Выравнивания на Фиг.8A составляют основу процедуры трансплантации. Ввиду структурного сходства между Альфателом и бороздками N-тримера, позиции N-тримера с и g должны быть трансплантированы в A-спираль Альфатела и позиции b и e должны быть трансплантированы в C-спираль. Это служит источником первоначальной (неоптимизированной) последовательности Альфатела с трансплантированными остатками бороздки, как проиллюстрировано на Фиг.9.The alignments in Fig. 8A form the basis of the transplant procedure. Due to structural similarities between Alfatel and the grooves of the N-trimer, the positions of the N-trimer c and g must be transplanted into the Alfatel A-helix and the positions b and e must be transplanted into the C-helix. This serves as a source of the initial (non-optimized) Alfatel sequence with transplanted groove residues, as illustrated in FIG. 9.

Специалист в данной области признает, что прямое "копирование-вставка" остатков поверхности контакта из одной структуры в другую обычно не будет приводить к полному переносу функциональности; то есть, связывающая способность обычно будет потеряна или по меньшей мере значительно снижена. Следовательно, все аминокислотные остатки, которые были трансплантированы в основу последовательности, как показано на Фиг.9, были эффективно помещены в 3-D модель Альфатела scAB013 посредством мутирования последнего при стандартных углах поворота. Далее, каждый мутированный остаток был проверен с точки зрения структуры. В случае, если этот анализ вызывал сомнения в структурные совместимости, были рассмотрены альтернативные замены. Последнее показано на Фиг.10 в виде подчеркнутых двойной линией остатков. Как видно на этой фигуре, большинство вызывавших сомнения остатков были заменены на аланины, которые в целом считались более безопасным.The person skilled in the art recognizes that a direct “copy-paste” of contact surface residues from one structure to another will usually not result in a complete transfer of functionality; that is, binding ability will usually be lost or at least significantly reduced. Therefore, all amino acid residues that were transplanted into the backbone of the sequence, as shown in FIG. 9, were efficiently placed into the 3-D Alfatel model of scAB013 by mutating the latter at standard rotation angles. Next, each mutated residue was tested in terms of structure. In case this analysis raised doubts about structural compatibility, alternative replacements were considered. The latter is shown in FIG. 10 as residues underlined by a double line. As can be seen in this figure, most of the doubtful residues were replaced with alanines, which were generally considered safer.

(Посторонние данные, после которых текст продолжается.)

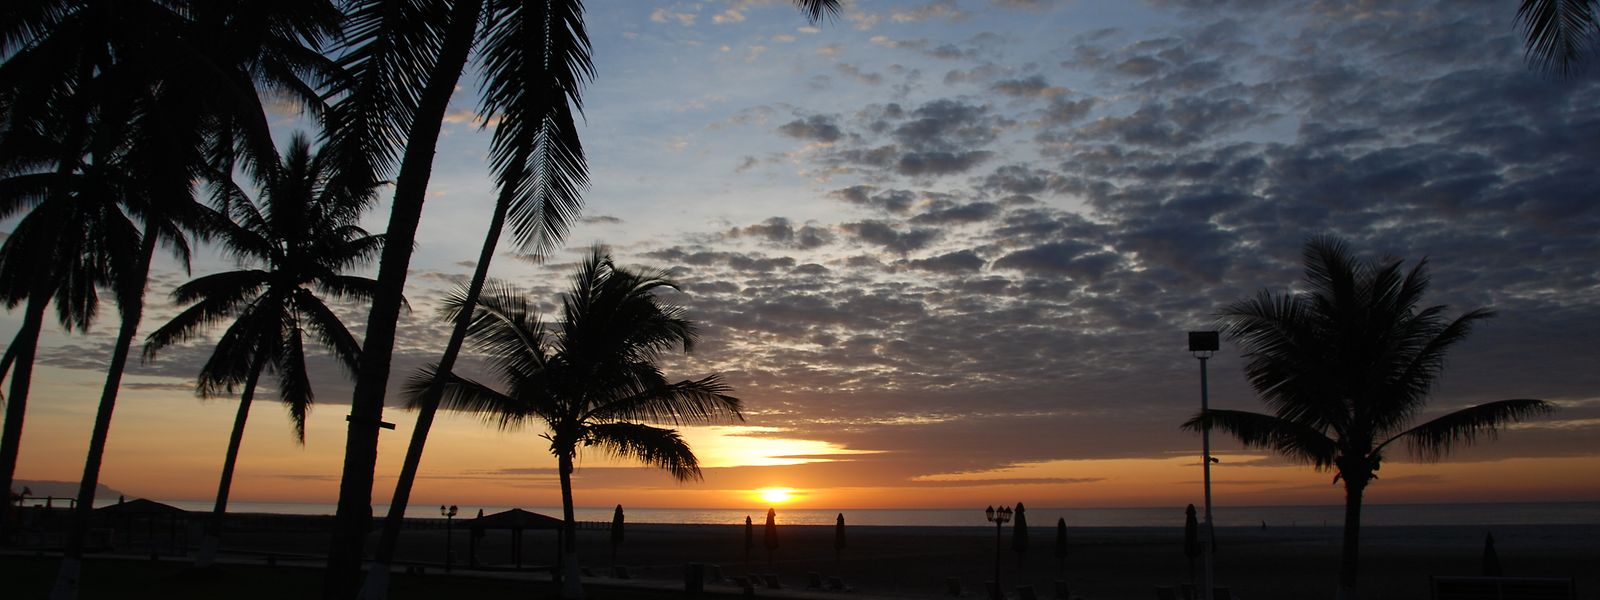 Der Sonnenaufgang am Strand bei Salalah taucht den Himmel und die Landschaft in atemberaubende Farben.

Итоговые структурно оптимизированные структуры Альфатела с трансплантированными подобными N-тримеру связывающими бороздками показаны на Фиг.13. Линкерные последовательности, отобранные для присоединения спирали A к В (L1) и спирали В к С (L2), были выбраны так, чтобы в каждой из них содержалась аминокислотная последовательность из шести остатков "глицин-глицин-серин-серин-глицин-глицин". Объединенные последовательности представлены как SEQ ID NO: 3 (обозначена "scAB013_N1"), SEQ ID NO: 4 ("scAB013_N2") и SEQ ID NO: 5 ("scAB013_N3").The resulting structurally optimized Alfatel structures with transplanted N-trimer-like binding grooves are shown in FIG. 13. The linker sequences selected for attachment of helix A to B (L1) and helix B to C (L2) were chosen so that each of them contained the amino acid sequence of six residues “glycine-glycine-serine-serine-glycine-glycine” . The combined sequences are represented as SEQ ID NO: 3 (denoted by "scAB013_N1"), SEQ ID NO: 4 ("scAB013_N2") and SEQ ID NO: 5 ("scAB013_N3").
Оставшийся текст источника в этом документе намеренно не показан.